Retype the data that follows line by line, exactly, and leave its pictures out.

» **Information shown**:
::::

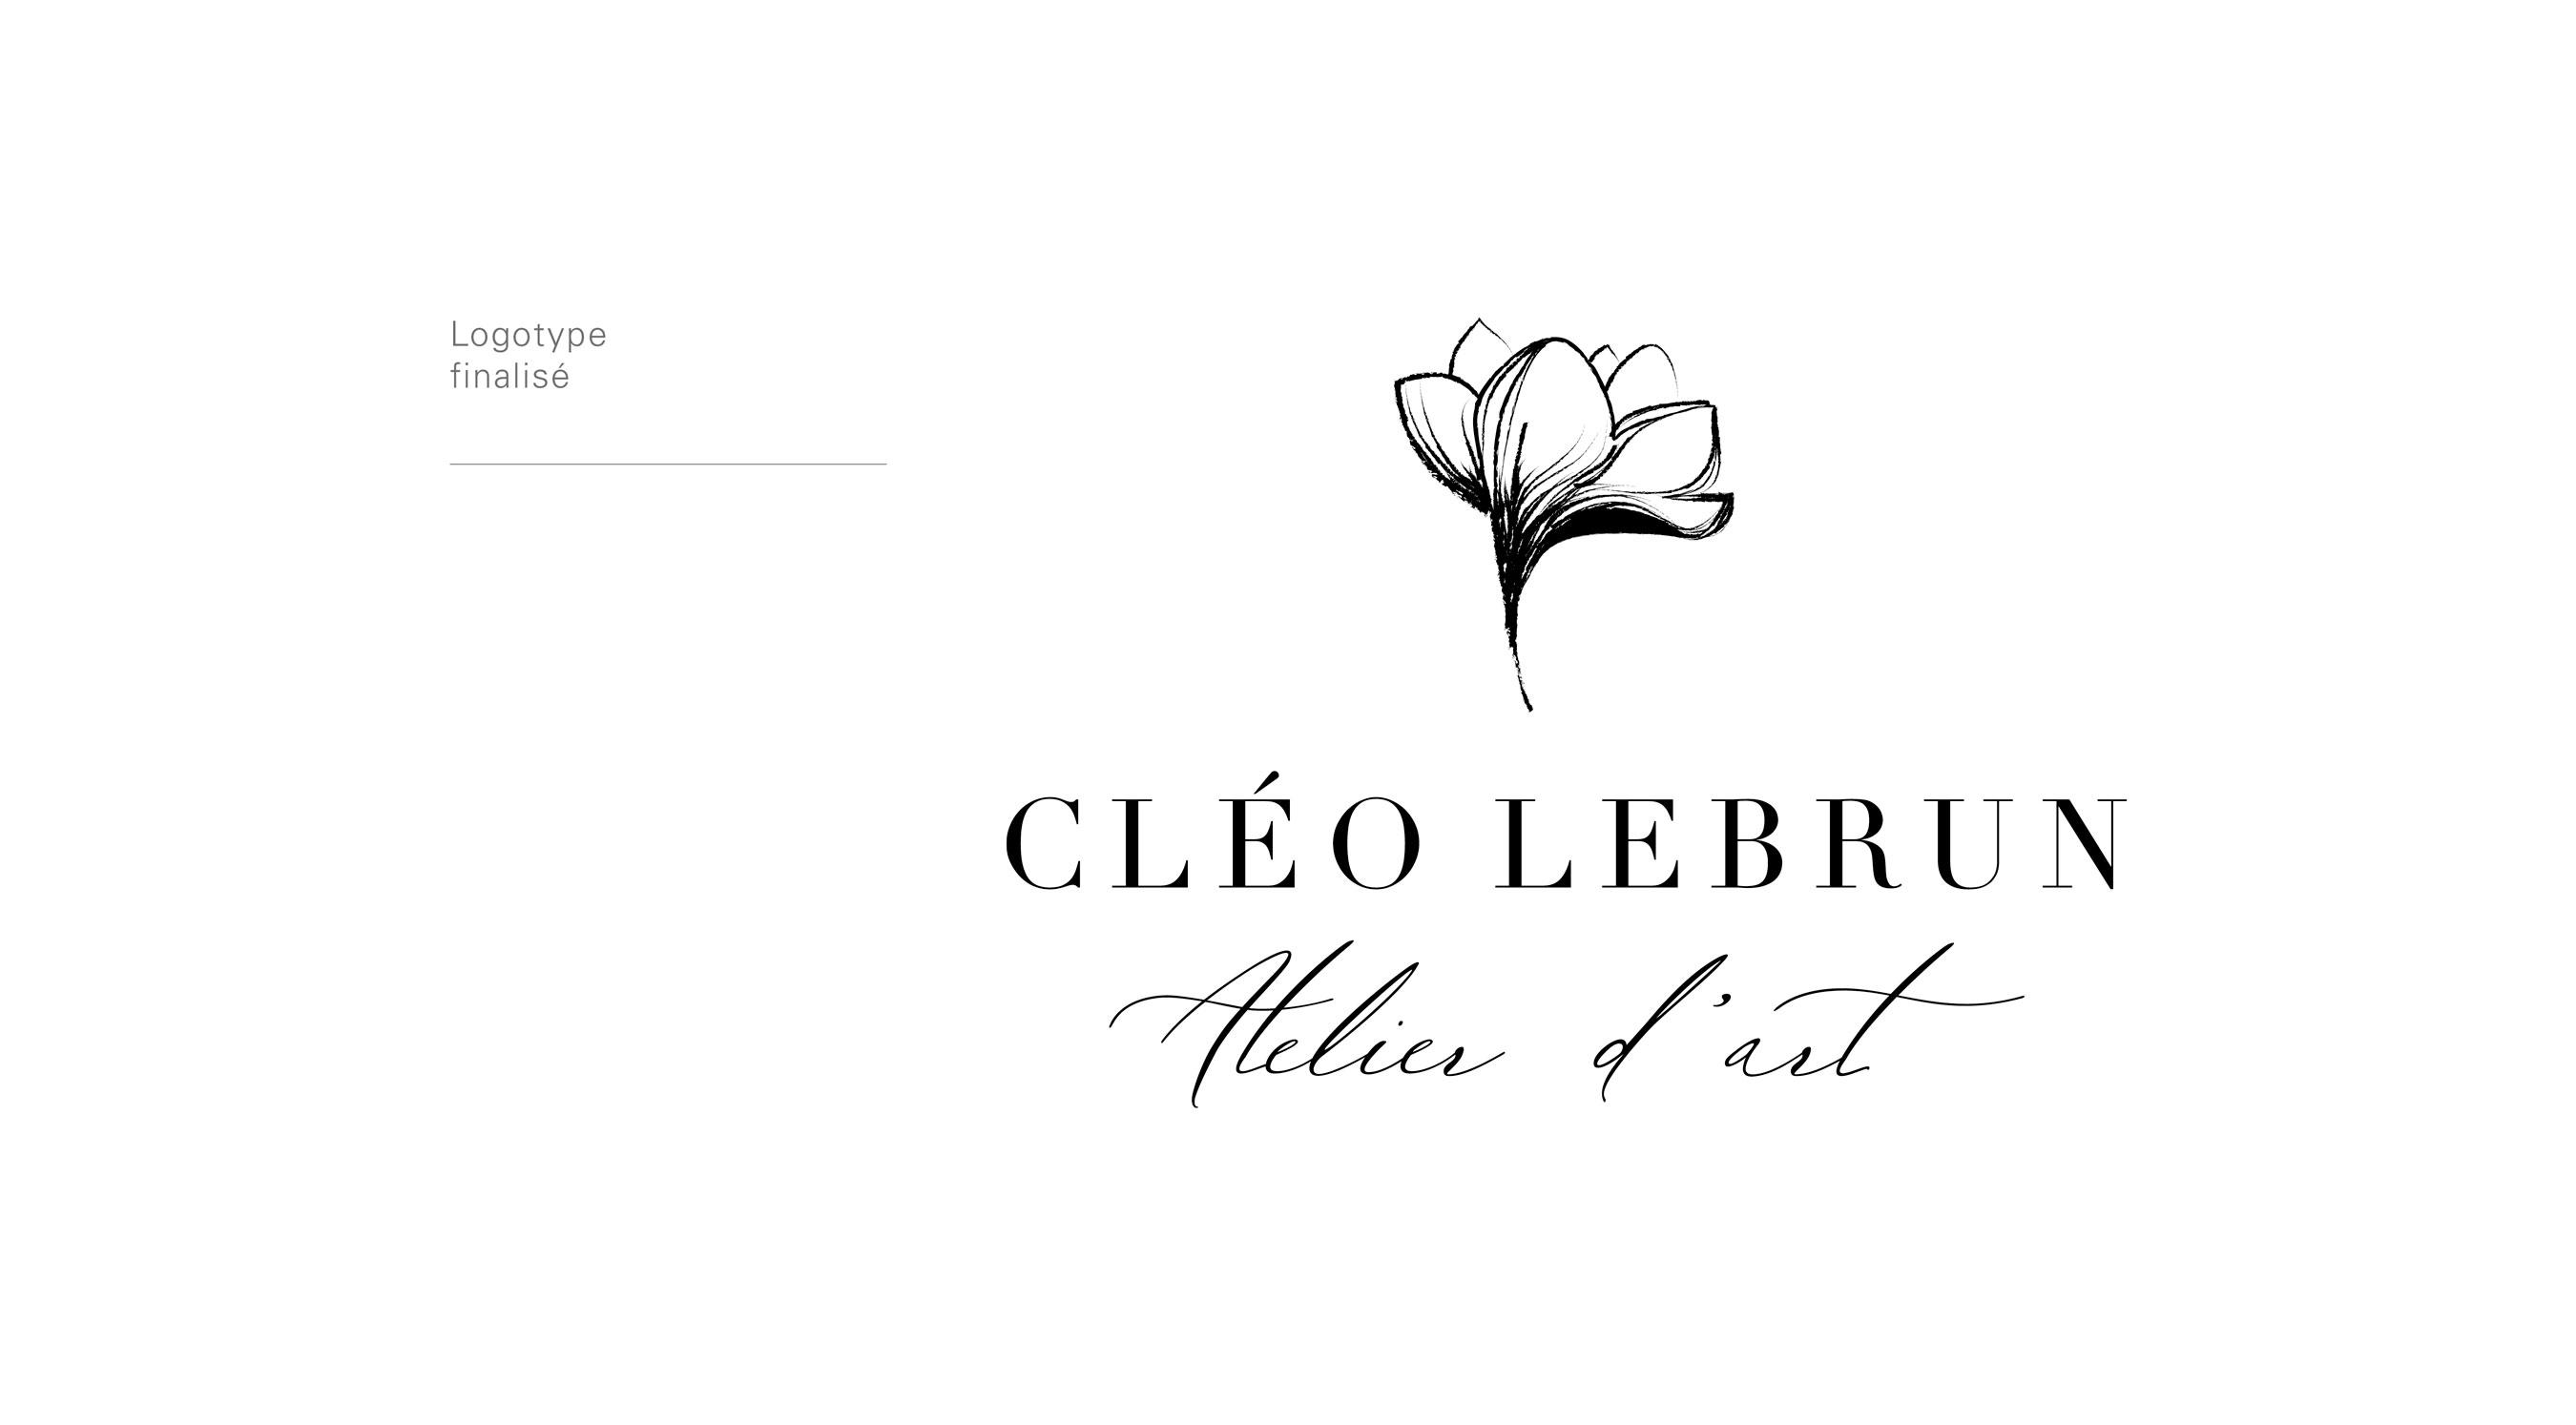 Atelier d'art Cléo Lebrun 5
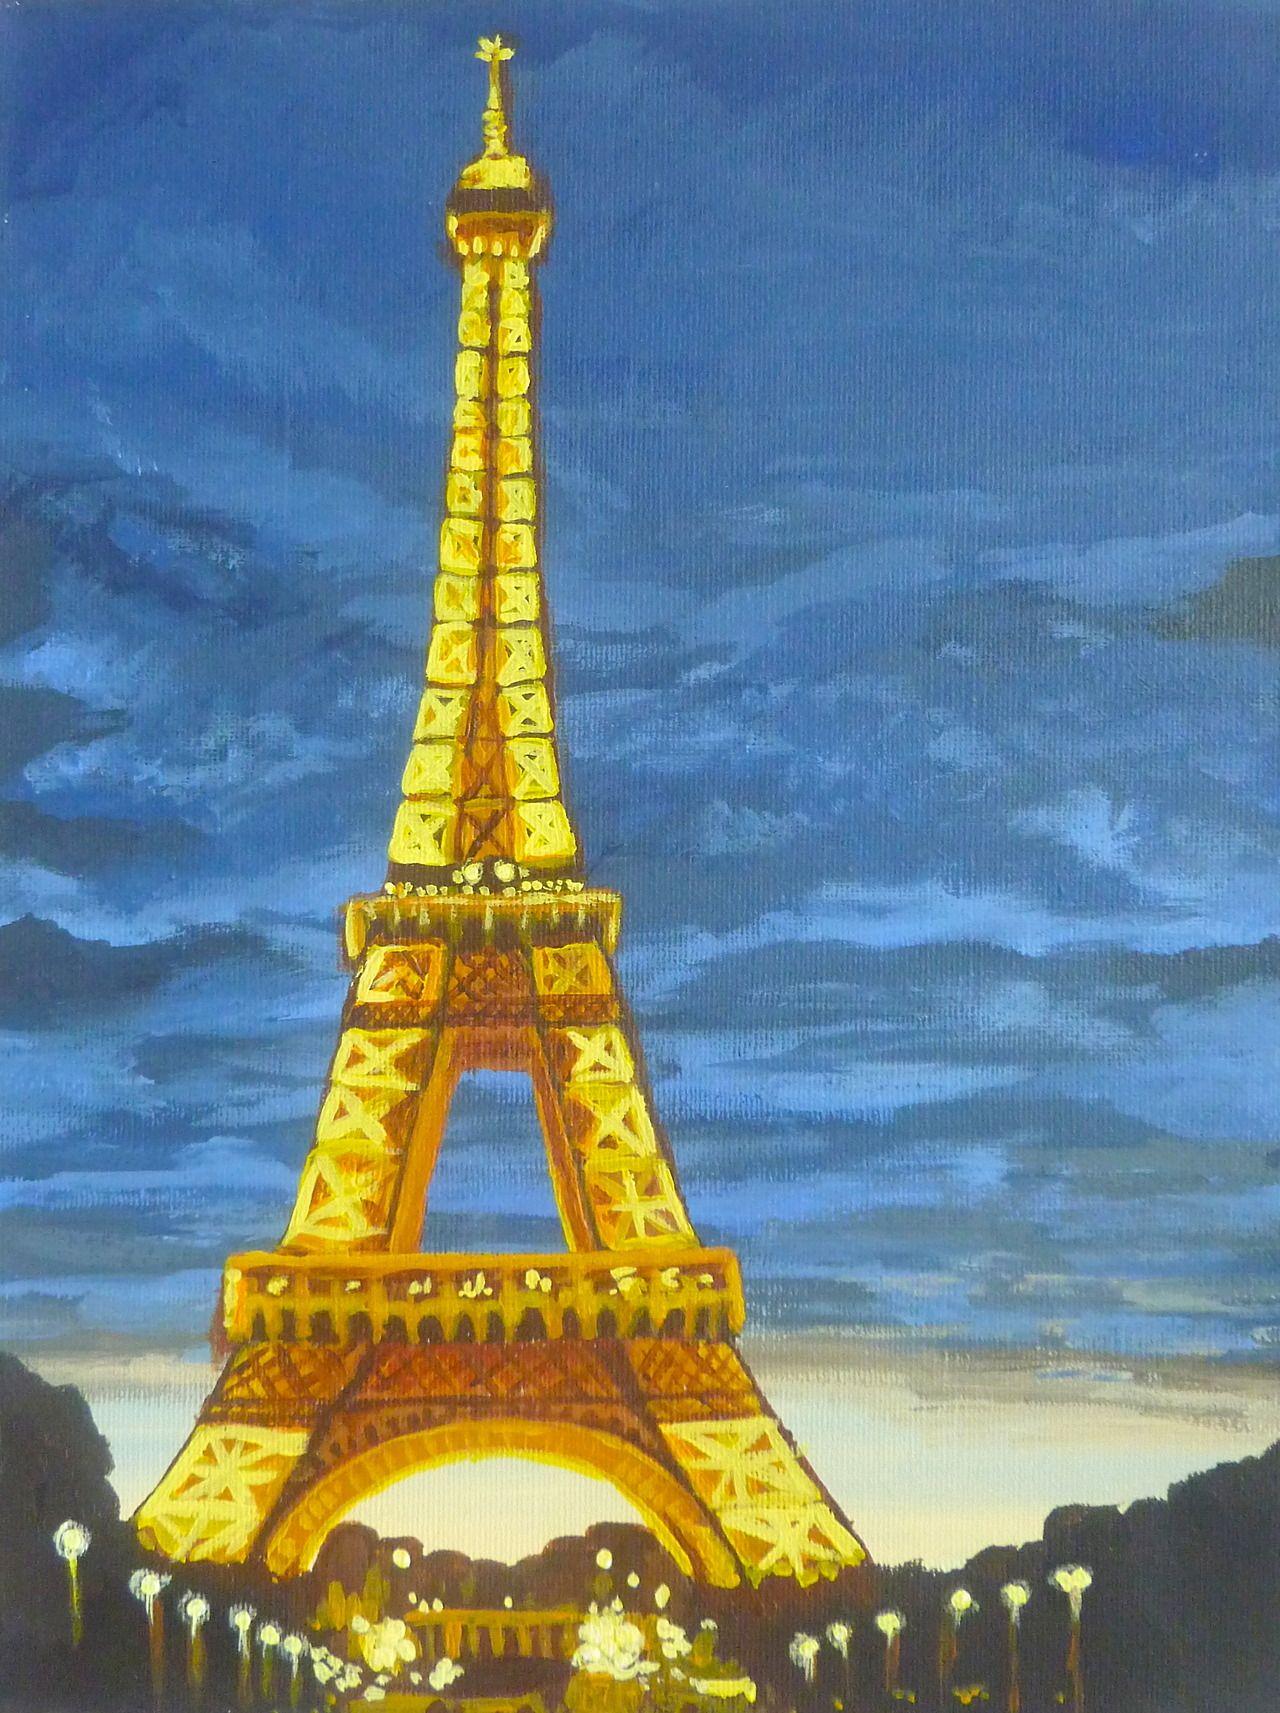 Eiffel Tower Night Art - Original Canvas Painting Cocostyle Studio Ideas In 2019
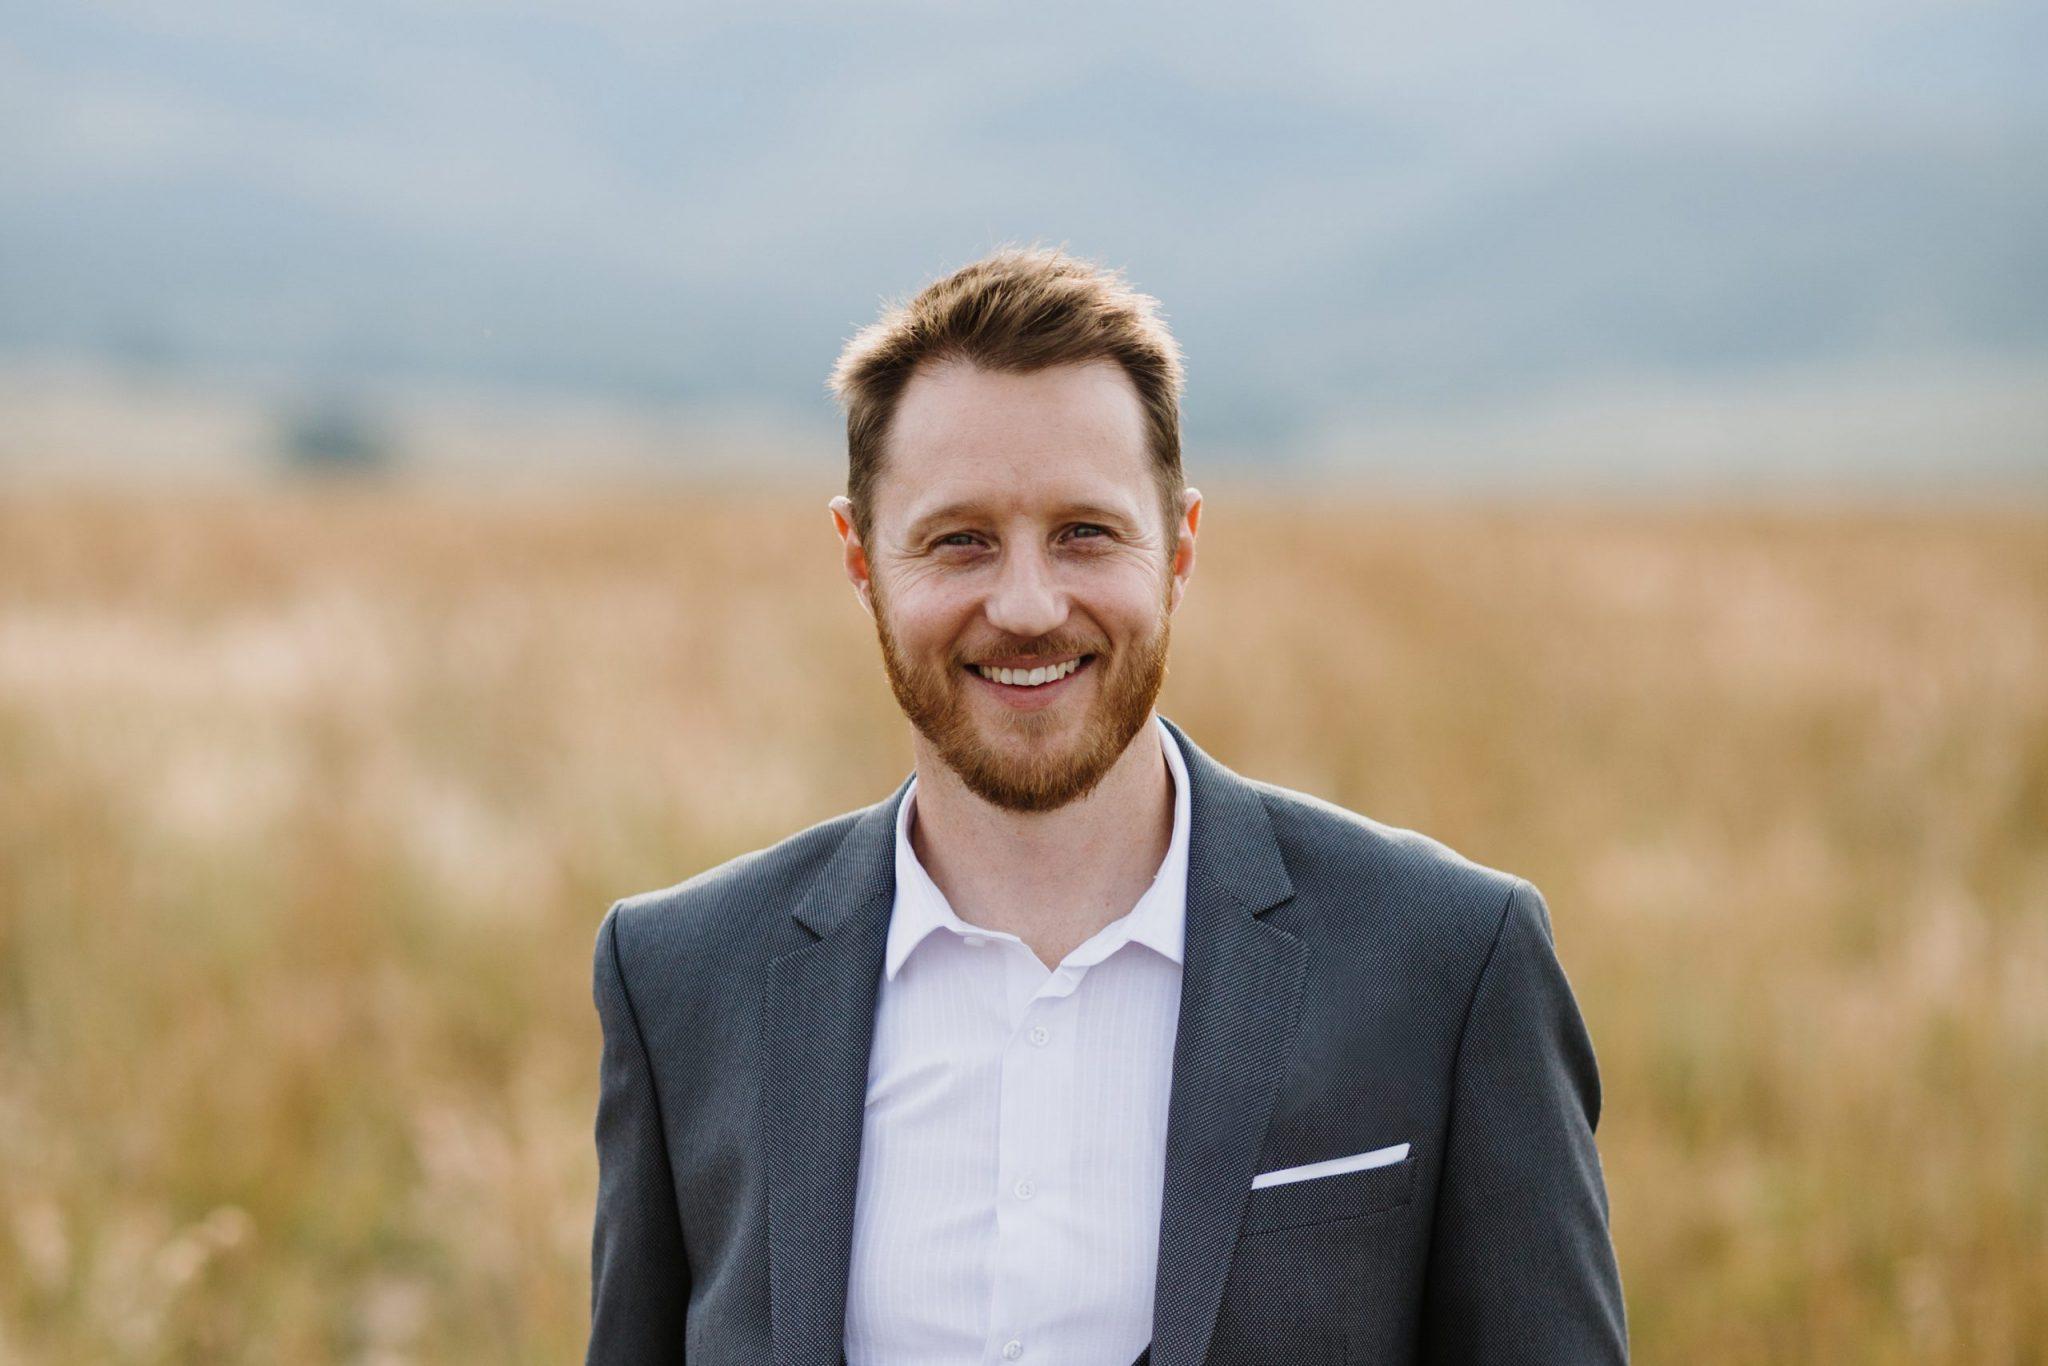 Graham Hartlett, Sales - West U.S. & Canada

::::

» **Task result**:
 Atelier d'art Cléo Lebrun 5
 Eiffel Tower Night Art - Original Canvas Painting Cocostyle Studio Ideas In 2019
 Graham Hartlett, Sales - West U.S. & Canada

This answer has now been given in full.